# Camp property taxes.



## pal21 (Mar 9, 2008)

Just got my property tax bill for deer camp. How does a 125% increase sound? I talked to a couple others who own camps nearby and they got similar increases. Problem is the folks who live there got the usual 2 or 3% type increases. Could it be they have decided to stick it to the out of towners? I'm pretty sure the value of my land didn't go up 125% from last year. If anything it went down. I'll be making a call to the auditor tomorrow to get an explaination.


----------



## Salmonid (Apr 14, 2004)

absolutely cal the auditors and ask for the way they determined your value, they wil pull it up and mail it to you. If you do some research on your own, and find out how much simillar land sold for in the previous 18 months that will always help. I have found that if you gripe loud enough, they typically will reevaluate to a lower number. Last year they tried to increase my property tax by more then doubling it, I went through the whole deal with them and then they revalued at about a 8% increase. Not the best but better then doubling....when I asked how they go my numbers they showed properties on the opposite side of the county that were in some really high dollar areas vs me being in the states poorest township, so they were not realistic values. I think they try to see what they can get away with and then back off the handful who gripe. Good luck

Salmonid


----------



## ironman172 (Apr 12, 2009)

Mine stayed about the same....with no real changes to it....thats what it should be


----------



## puterdude (Jan 27, 2006)

I got my property taxes and last May a school levy was approved and it shot up over 500.00 bucks a year,my beef is the levy passed in May and they burnt us for the full year, over 5 months before the levy even passed.They stay awake at night figuring out a new angle.


----------



## I Fish (Sep 24, 2008)

Welcome to taxation without representation. I always thought this was "the land of the free", until I researched property taxes, and the other potential strings, such as Eminant domain and rights of way. They claim you are represented because you elect the Auditor and you knew before hand that you would be responsible for the taxes. I maintain that you are not represented because, in the election of the auditor and the passing of levies, non property owners have just as much a vote as the property owners, therefore the property owner is being forced to pay a tax that was passed by people who don't have to pay. This is particularly magnified in and around college towns. Also, in the case of levies, especially school levies, if you are againt the levy, you are usually automatically cast in the light of being against schools and education (and obviously children), even if you are only against the certain activities the levy would support.
I also don't beleive that you can cast a vote for or against anything if you don't live in that particular county. So, where is the representaion in that? You still have to pay the taxes, decided on by others.


----------



## pal21 (Mar 9, 2008)

I just got off the phone with the auditor.
She is telling me these new land valuations are being sent from Columbus. They have changed the way they place value on vacant land for the first time since 1984. Being this is the year for my county to access land, we are being hit with it this year. So it all depends on when your particular county comes out with its new acessments. She said these changes came out in October.
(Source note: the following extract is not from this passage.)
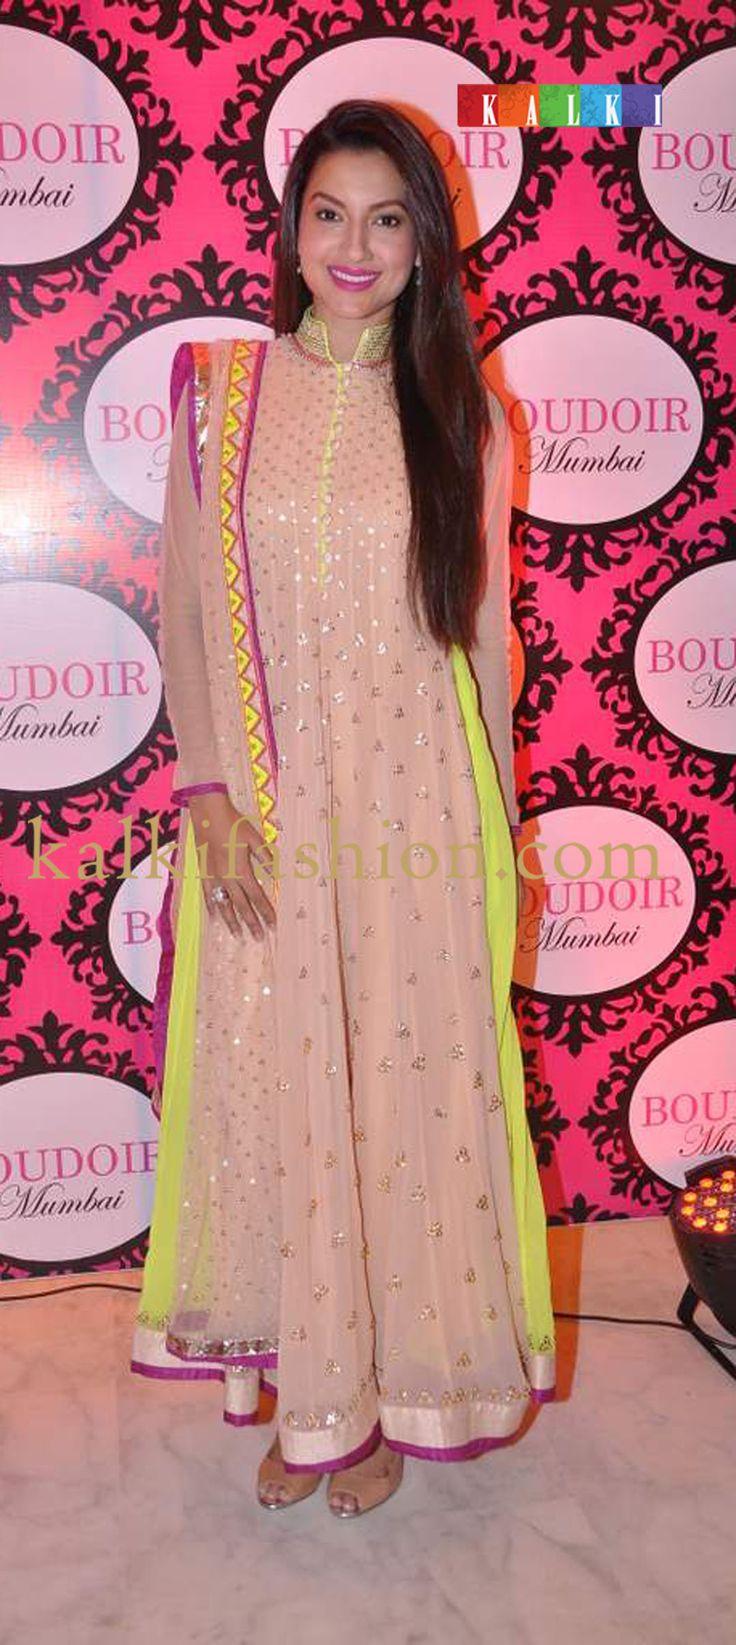 http://www.kalkifashion.com/  Gauhar Khan in anarkali outfit by Kanika Kedia at her store Boudoir Mumbai

She said these increases will hit everyone who owns vacant land or has land enrolled in the CAUV or the forest stewartship progams. She said the doubling or tripling of taxes is because the state has waited 25 years to make changes on their formulas for setting land values.

Not sure I buy it or not.


----------



## mikeshookset (Feb 28, 2005)

the proublem with property taxes as with any taxes is that way to much of it is wasted . in todays economy people are taking pay cuts health care cuts and what do our poloticians do ? they vote them selfs pay raises and baill out banks that give thier ceos millions of dollars in bonuses for putting the banks in the sorry mess they are in. maybe instead of raising property taxes they should put a luxery tax on the money that lobbyest spend to buy poloticians. it doesnt matter if they are democrates or republicans they all play the same game they just pass the ball back and forth every so many years. NO TAXES SHOULD BE LEVYED AGAINST ANYONE UNLESS ITS VOTED ON BY THE PEOPLE ITS LEVYED AGAINST.


----------



## ironman172 (Apr 12, 2009)

pal21 said:


> I just got off the phone with the auditor.
> She is telling me these new land valuations are being sent from Columbus. They have changed the way they place value on vacant land for the first time since 1984. Being this is the year for my county to access land, we are being hit with it this year. So it all depends on when your particular county comes out with its new acessments. She said these changes came out in October.
> 
> She said these increases will hit everyone who owns vacant land or has land enrolled in the CAUV or the forest stewartship progams. She said the doubling or tripling of taxes is because the state has waited 25 years to make changes on their formulas for setting land values.
> ...


the forest stewartship progams
I'm glad I never signed up for that now!!!I don't have to be in that to be a good stewart of the land....and don't need the Forestry dept telling me when to cut trees down.... just for a tax break


----------



## Lewzer (Apr 5, 2004)

> I maintain that you are not represented because, in the election of the auditor and the passing of levies, non property owners have just as much a vote as the property owners, therefore the property owner is being forced to pay a tax that was passed by people who don't have to pay.


Just like the "sin" tax that Cuyahoga County sinners pay to build three giant playgrounds for the billionaire owners of the sports teams. Suckers.


----------